Construction of co–expression module of BC cell lines

Co-expression modules were constructed by the expression values of 5000 genes in 56 BC cell lines using the WGCNA algorithm. On the whole, the sample hierarchical clustering plot in each sample was divided into two clusters using the flashClust tool package of WGCNA algorithm method. As can be seen in Figure 1, 56 BC samples were divided into two clusters, and we fail to detect outlier samples. Power values were screened out by WGCNA algorithm in the construction of co-expression modules. When the soft threshold power β was set at 6, the independence degree was up to 0.8 and the average connectivity degree was higher (Figure 2). After highly similar modules were merged, a total of 28 co-expression modules were identified in the co-expression network (Figure 3). Total 246 genes in the gray module did not belong to other modules, accounting for 0.492% in all total genes. The number of genes included in these modules was 167 (black module), 355 (blue module), 294 (brown module), 84 (cyan module), 44 (darkgreen module), 40 (darkgrey module), 38 (darkorange module), 43 (darkred module), 41 (darkturquoise), 270 (green module), 101 (greenyellow module), 246 (grey module), 67 (grey60 module), 77 (lightcyan module), 62 (lightgreen module), 61 (lightyellow module), 124 (magenta module), 84 (midnightblue module), 40 (orange module), 168 (pink module), 108 (purple module), 241 (red module), 60 (royalblue module), 87 (salmon module), 88 (tan module), 1671 (turquoise module), 37 (white module), and 279 (yellow module). The average number of genes in these 44 modules was 1671 and the median was 162. The information of genes belonged to four modules was listed in Supplementary Table S1.

Sample hierarchical clustering plot and trait heatmap

Figure 1
Sample hierarchical clustering plot and trait heatmap

Basal represent white, claudin-low represents blue, luminal represents red, and non-malignant represents green.

Figure 1
Sample hierarchical clustering plot and trait heatmap

Basal represent white, claudin-low represents blue, luminal represents red, and non-malignant represents green.
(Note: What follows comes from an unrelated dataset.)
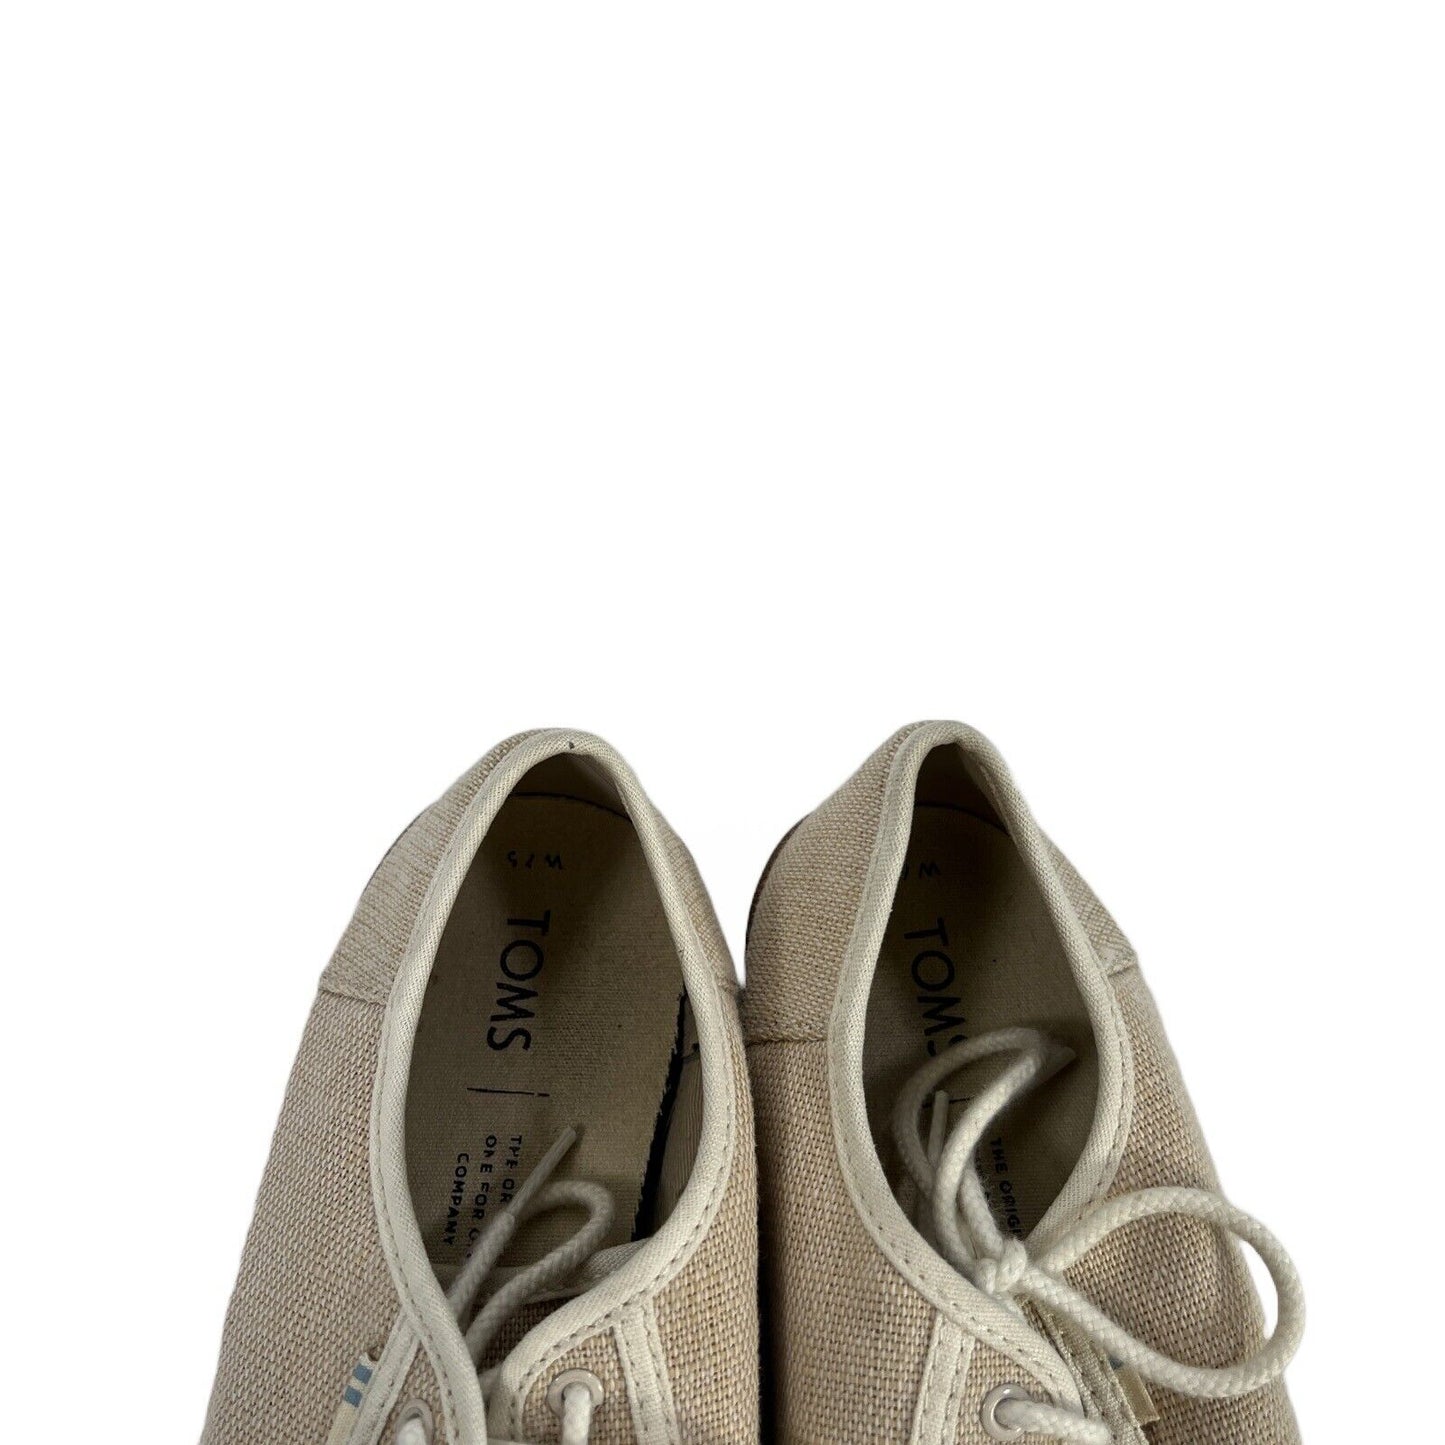 Toms Women's Beige/Tan Textile Lace Up Casual Sneakers - 7.5

Analysis of network topology for various soft-thresholding powers

Figure 2
Analysis of network topology for various soft-thresholding powers
Figure 2
Analysis of network topology for various soft-thresholding powers

Clustering dendrograms of genes with dissimilarity based on the topological overlap, together with assigned module color

Figure 3
Clustering dendrograms of genes with dissimilarity based on the topological overlap, together with assigned module color
Figure 3
Clustering dendrograms of genes with dissimilarity based on the topological overlap, together with assigned module color

Correlation between modules and each subtype of BC cell lines in co-expression networks

The module-trait relationships were established by WGCNA algorithm. Modules with higher Spearman’s correlation coefficients are also the most important elements of modules associated with the trait. From Figure 4, the modules related to BC cell line classification were observed, including the five categories of ‘basal’, ‘claudin-low’, ‘luminal’, ‘non-malignant’, and ‘unknown’. The correlation between ME and traits shows that some modules are more important than others in the disease. A scatterplot of gene significance versus MM was also plotted. We found that the luminal phenotype highly correlated with the brown module (Spearmen correlation coefficients: 0.86, P<0.01), with a significantly significant correlation. The basal phenotype is highly related to the black module (Cor: 0.52, P<0.01). Claudin-low subtype highly correlated with darkred module (Cor: 0.67, P<0.01). Non-malignant subtype was highly associated with midnightblue module (Cor: 0.74, P<0.01) (Figure 5). The module with the greatest association with clinical traits was the brown-colored module. Therefore, this module should allow us to capture and summarize the most relevant mRNA expression profiles.

Module-trait associations

Figure 4
Module-trait associations

Each row represents a module eigengene, each column to a trait. Each cell contains the corresponding correlation and P-value.

Figure 4
Module-trait associations

Each row represents a module eigengene, each column to a trait. Each cell contains the corresponding correlation and P-value.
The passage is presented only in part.